Operação Aponta Conexões Criminosas
A recente operação da Delegacia de Defesa dos Serviços Delegados (DDSD) teve como alvo um esquema de furto de combustíveis que resultou em danos ultrapassando R$ 6 milhões. Até o momento, seis pessoas foram detidas em conexão com os ilícitos. Os Garcia, uma família notoriamente ligada à contravenção e ao carnaval carioca, já enfrentou episódios de violência ao longo das últimas décadas, sendo alvo de atentados. O haras investigado pertence a Shanna e Tamara, filhas de Waldomiro Paes Garcia, o Maninho, ex-patrono da escola de samba Salgueiro, e encontra-se arrendado.
As investigações indicam que as perfurações nos dutos da Transpetro ocorriam no interior do haras, porém, até esta quinta-feira, não havia mandados de prisão contra membros da família, pois a polícia ainda não conseguiu comprovar que eles possuíam conhecimento das atividades ilegais que estavam sendo realizadas em suas terras. Entre os suspeitos do furto estão os atuais arrendatários da propriedade.
Identificação dos Detidos
Os indivíduos detidos na operação são:
- Caio Victor Soares Diniz Ferreira
- Elton Félix de Oliveira
- Jairo Lopes Claro
- Leandro Ferreira de Oliveira
- Patrick Teixeira Vidal
- Washington Tavares de Oliveira
Através das investigações, a polícia destacou que, embora as atividades ilícitas tenham ocorrido dentro do haras, não havia mandados contra ninguém da família Garcia até o momento — uma situação que poderá mudar à medida que mais evidências forem reunidas.
Ação Multidimensional
Com o apoio do Grupo de Atuação Especializada de Combate ao Crime Organizado (Gaeco/MPRJ), agentes da DDSD cumpriram 13 mandados de prisão e 16 de busca e apreensão em diversos estados, incluindo Rio de Janeiro, São Paulo, Minas Gerais, Espírito Santo, Paraná e Santa Catarina. O início da operação ocorreu em 2024, após a prisão em flagrante de um suspeito por furto de petróleo dentro da Fazenda Garcia.
O delegado Pedro Brasil enfatizou: “A partir dessa prisão, conseguimos desbaratar uma extensa organização criminosa dedicada à extração ilegal desse material”. Essa afirmação revela a complexidade da operação e a extensão da rede criminosa que estava em atividade.

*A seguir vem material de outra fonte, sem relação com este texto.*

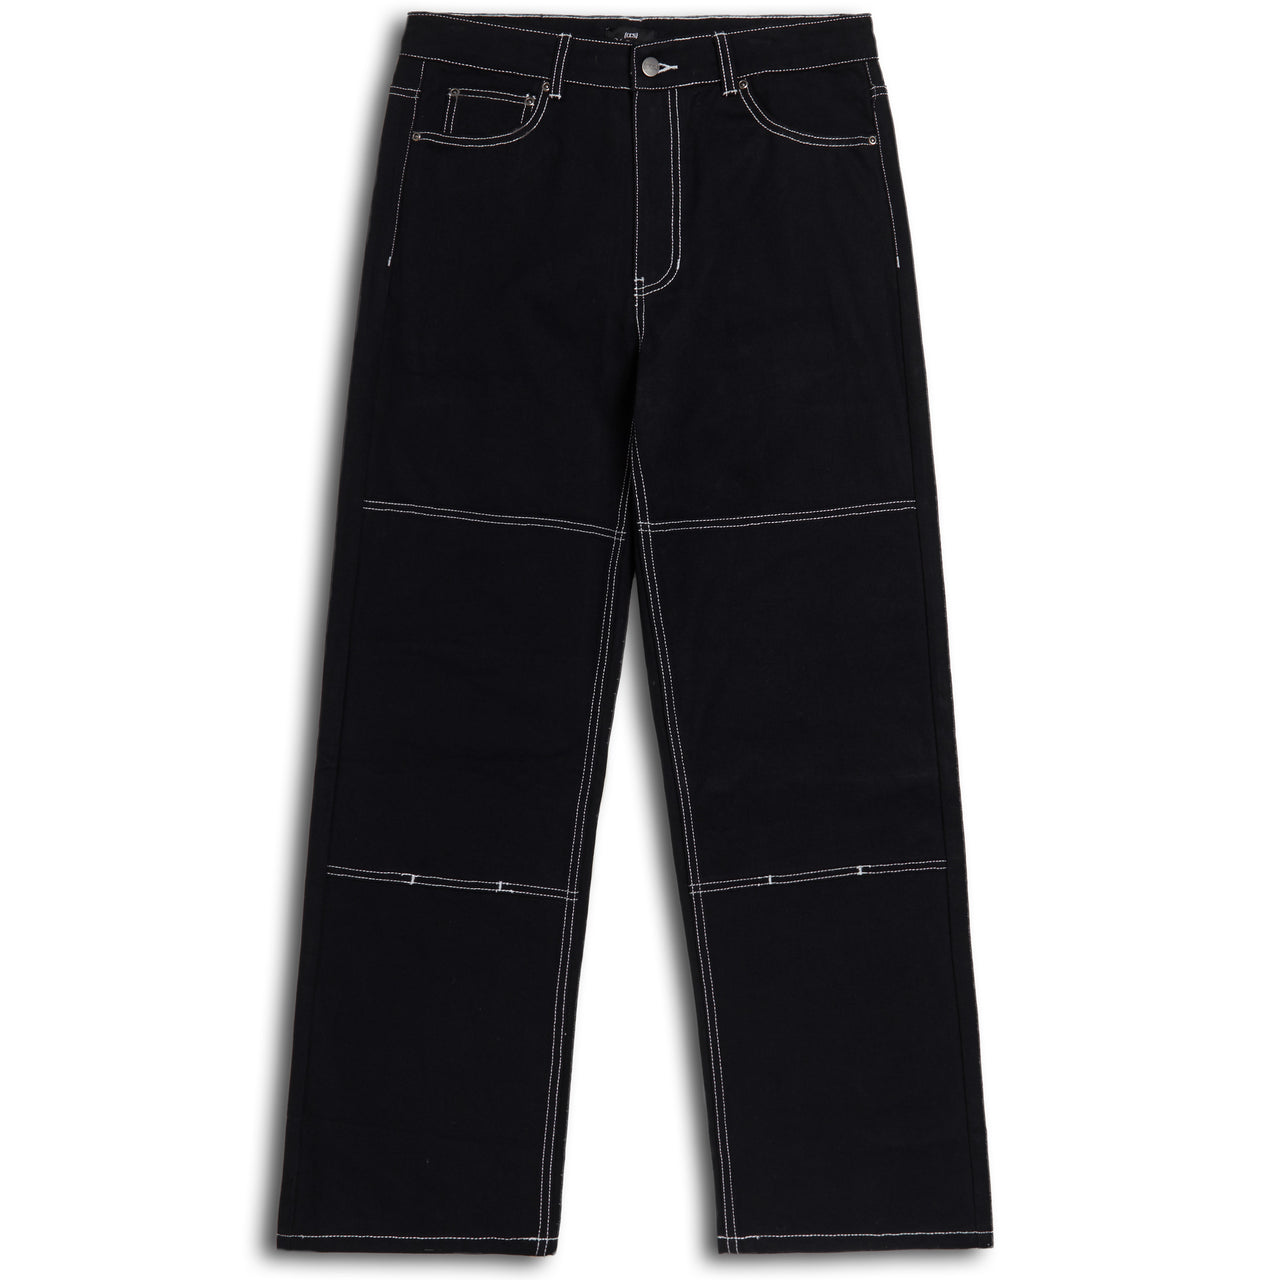 CCS Double Knee Original Relaxed Canvas Pants - Black/White image 3
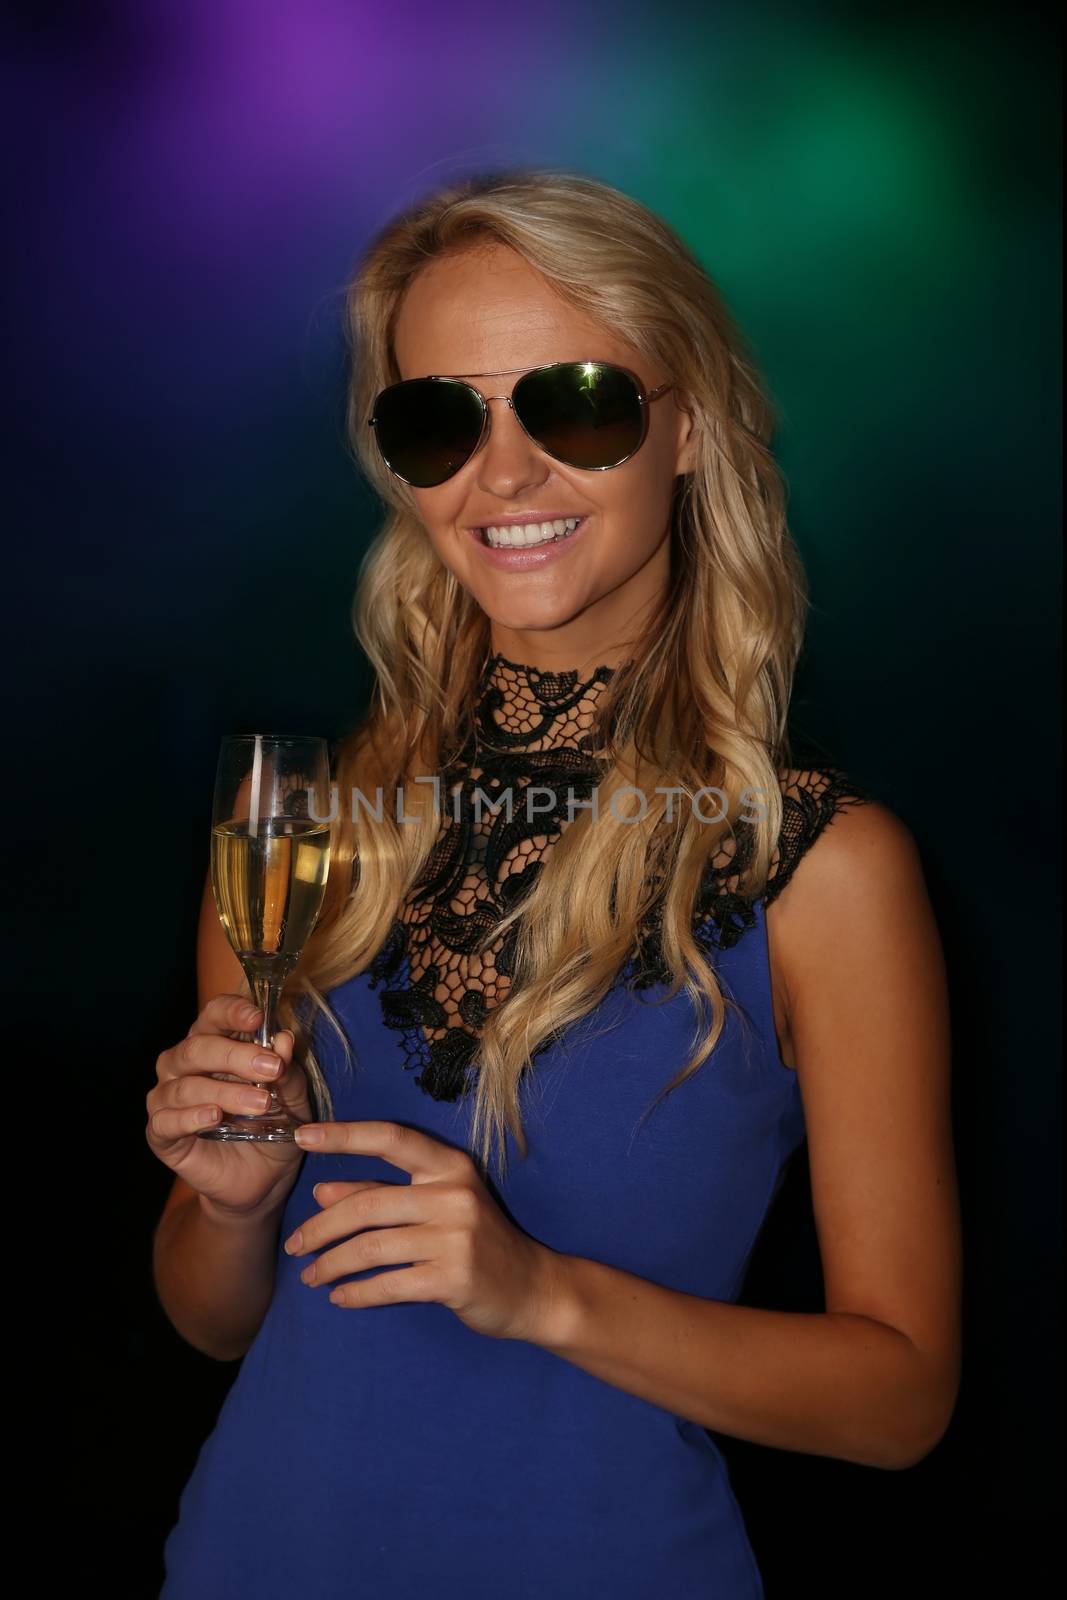 Gorgeous Young Woman at Party by fouroaks

Detalhes do Esquema Criminoso
As investigações revelaram que o grupo criminoso possuía uma estrutura operacional bem definida, com divisão de funções, hierarquia e articulação entre estados. O ciclo do crime iniciava-se com a perfuração clandestina do duto, seguida pela proteção armada do local ilegal. Posteriormente, o petróleo era rapidamente carregado em caminhões-tanque que se utilizavam de rotas interestaduais para escoar a mercadoria.
De acordo com a DDSD, “o insumo era comercializado com notas fiscais falsas, emitidas por empresas de fachada”, um golpe que demonstra a sofisticação e audácia da organização. Durante a operação, um galpão onde os combustíveis eram armazenados foi identificado e lacrado pela polícia.
Histórico de Violência
Shanna Garcia, uma das herdeiras do haras, tem um histórico de violência familiar. Ela foi alvo de disparos em frente a um shopping na Avenida das Américas, no Recreio dos Bandeirantes, em outubro de 2019. Tragicamente, sua família já perdeu várias figuras importantes em episódios violentos: seu pai, Waldomiro Paes Garcia, conhecido como Maninho, foi assassinado em 2004; seu irmão, Myro Garcia, foi morto em 2017; e seu primeiro marido, José Luiz de Barros Lopes, o Zé Personal, foi executado em 2011. Esses eventos destacam não apenas a vulnerabilidade da família, mas também a gravidade da criminalidade envolvendo a contravenção no Rio de Janeiro.